Richard III (997/1001 – 6 August 1027) was the duke of Normandy who reigned from August 1026 to his death. His brief reign opened with a revolt by his brother.

Life
Richard III was the eldest son of Richard II of Normandy and Judith of Brittany. Around 1026, Richard was sent by his father in command of a large army to rescue his brother-in-law, Reginald, later Count of Burgundy, by attacking bishop and count Hugh of Chalon, who had captured and imprisoned Reginald in Chalon-sur-Saône.

When Richard II died in August 1026, his eldest son, Richard III became Duke of Normandy.
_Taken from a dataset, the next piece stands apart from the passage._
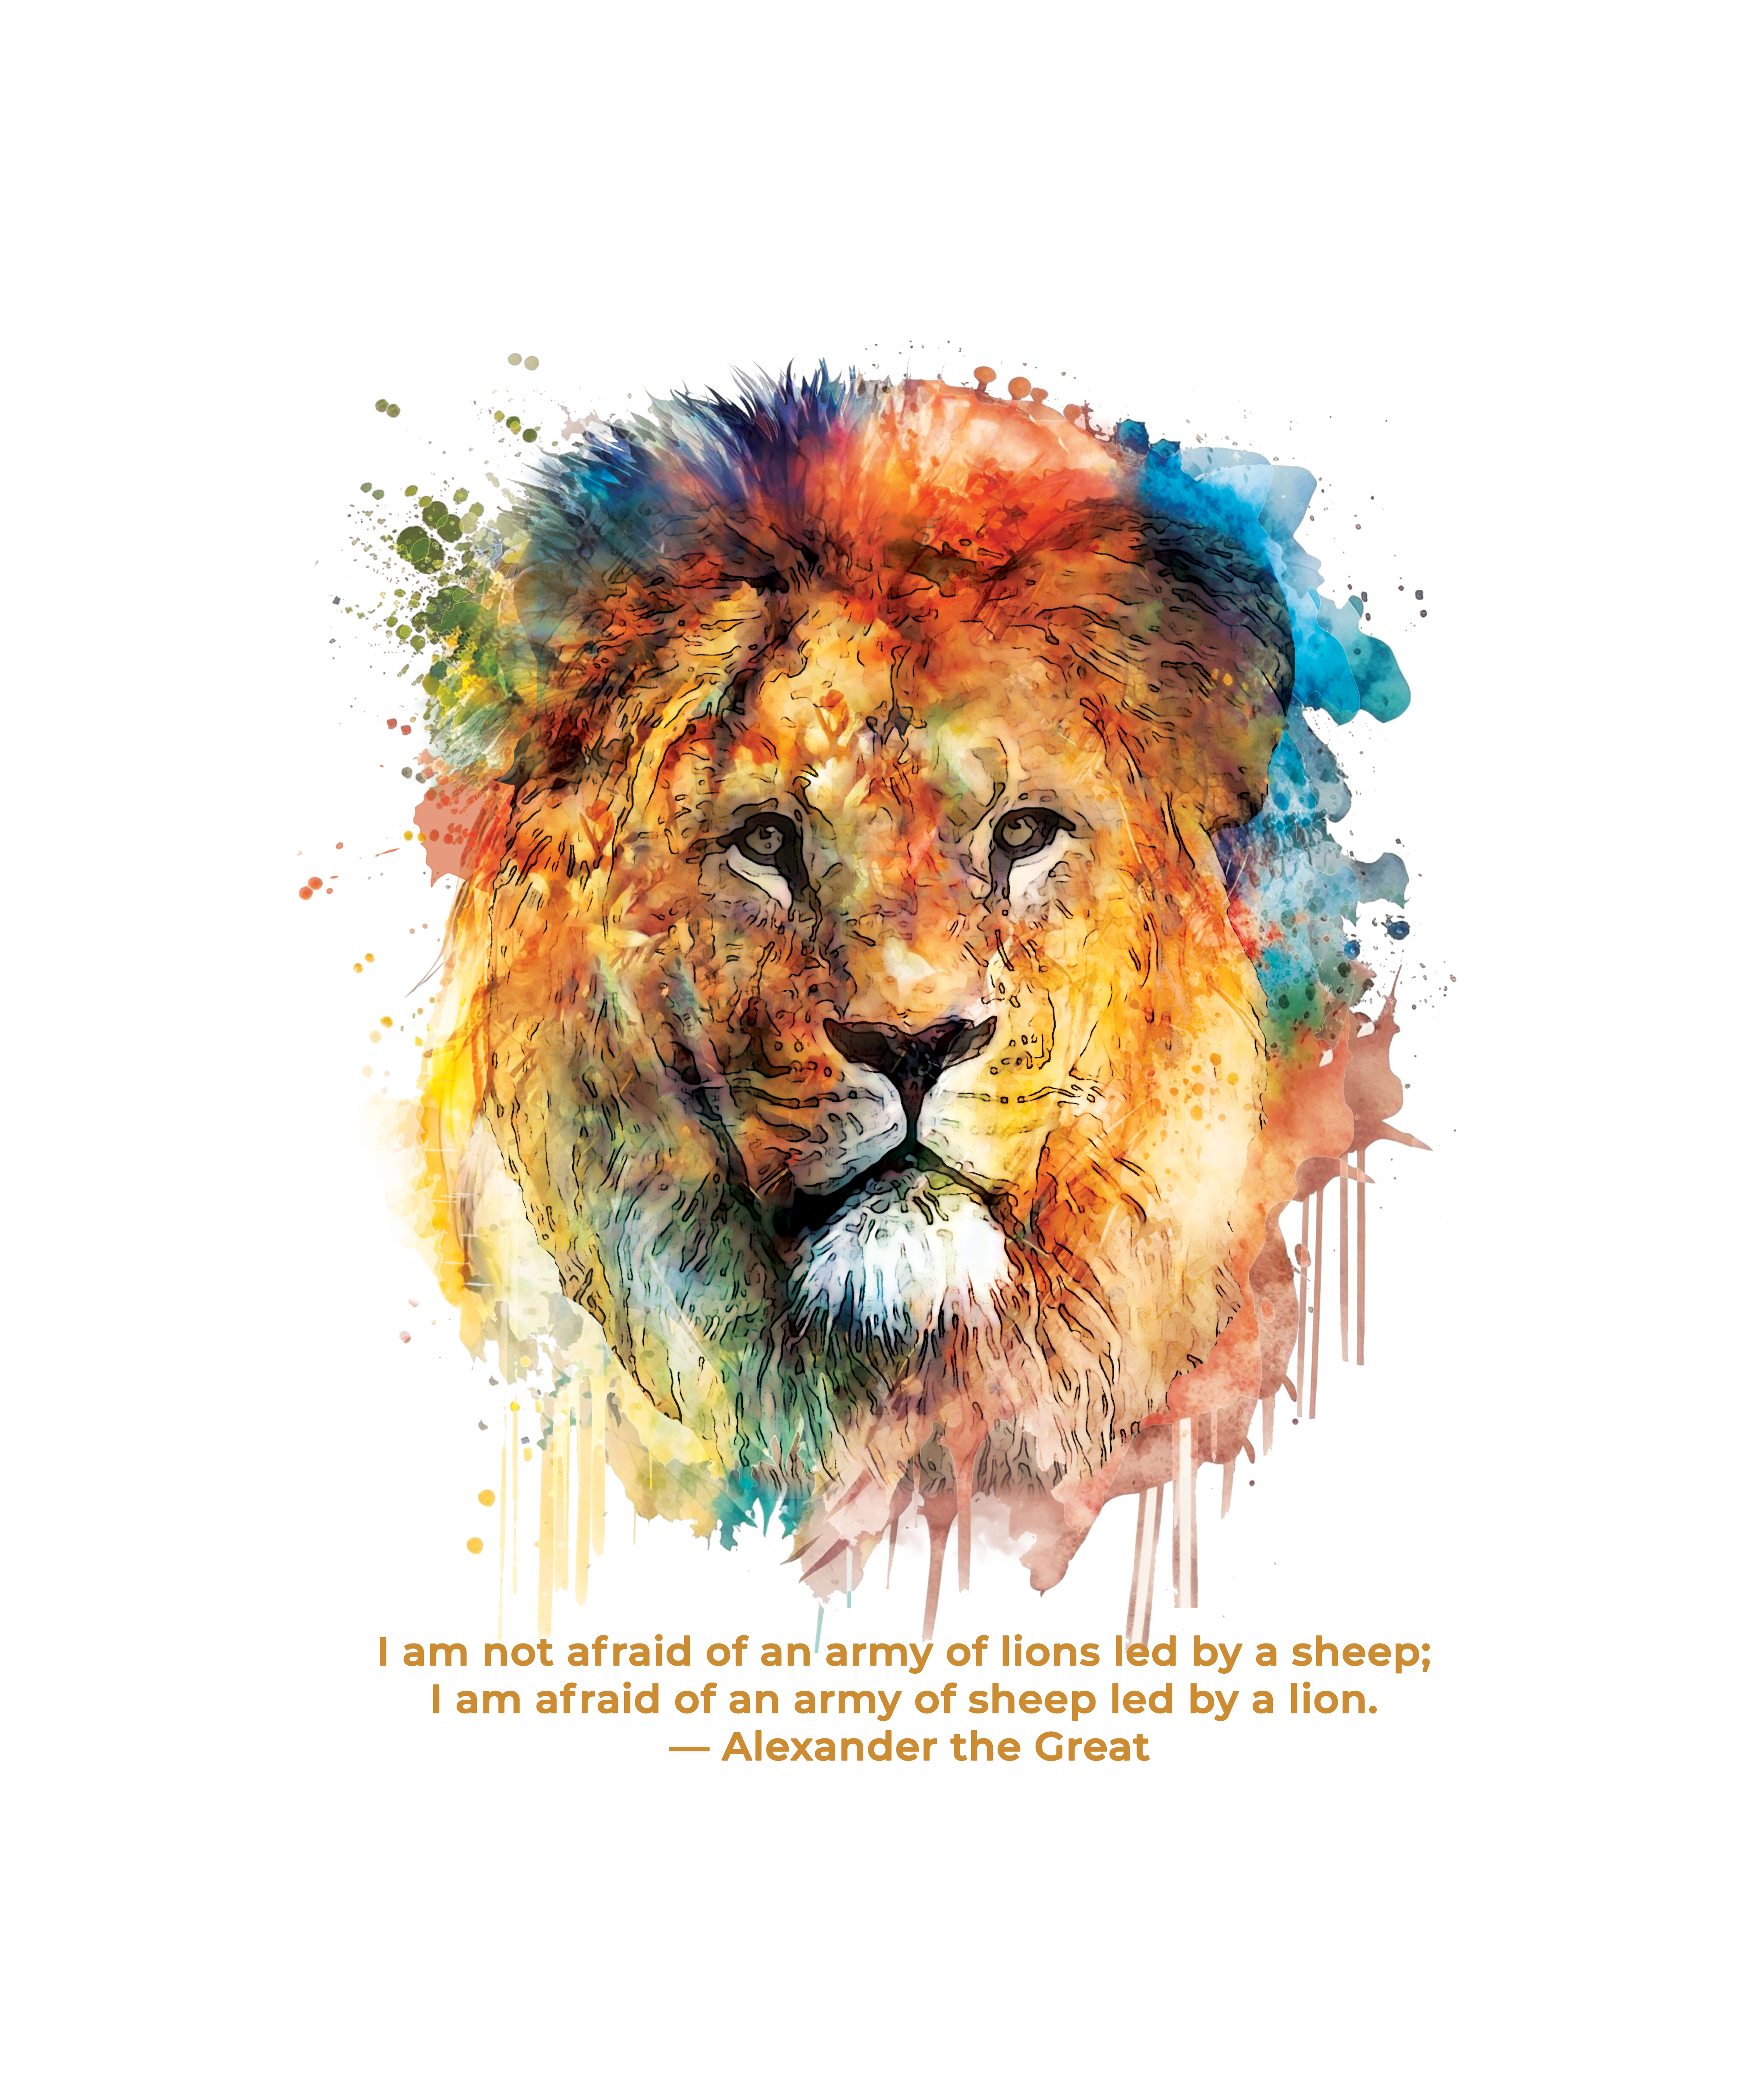 On SALE: Freedom Fighter, Lion T-Shirts, Warrior Beast Fitness Attire & Art/Books/Prints/ Free Poetry

Shortly after his reign began his brother Robert, discontented with his province of Hiemois on the border of Normandy, revolted against his brother. He laid siege to the town of Falaise, but was soon brought to heel by Richard who captured him, then released him on his oath of fealty. No sooner had Richard disbanded his army and returned to Rouen, when he died suddenly (some say suspiciously). The duchy passed to his younger brother Robert I.

Marriage
In January 1027, he was married to Adela, of a noble lineage.  She is usually identified with Adela, a younger daughter of King Robert II of France, who married to Baldwin V, Count of Flanders after Richard's 6 August 1027 death.

Issue
Richard's marriage to Adela was childless.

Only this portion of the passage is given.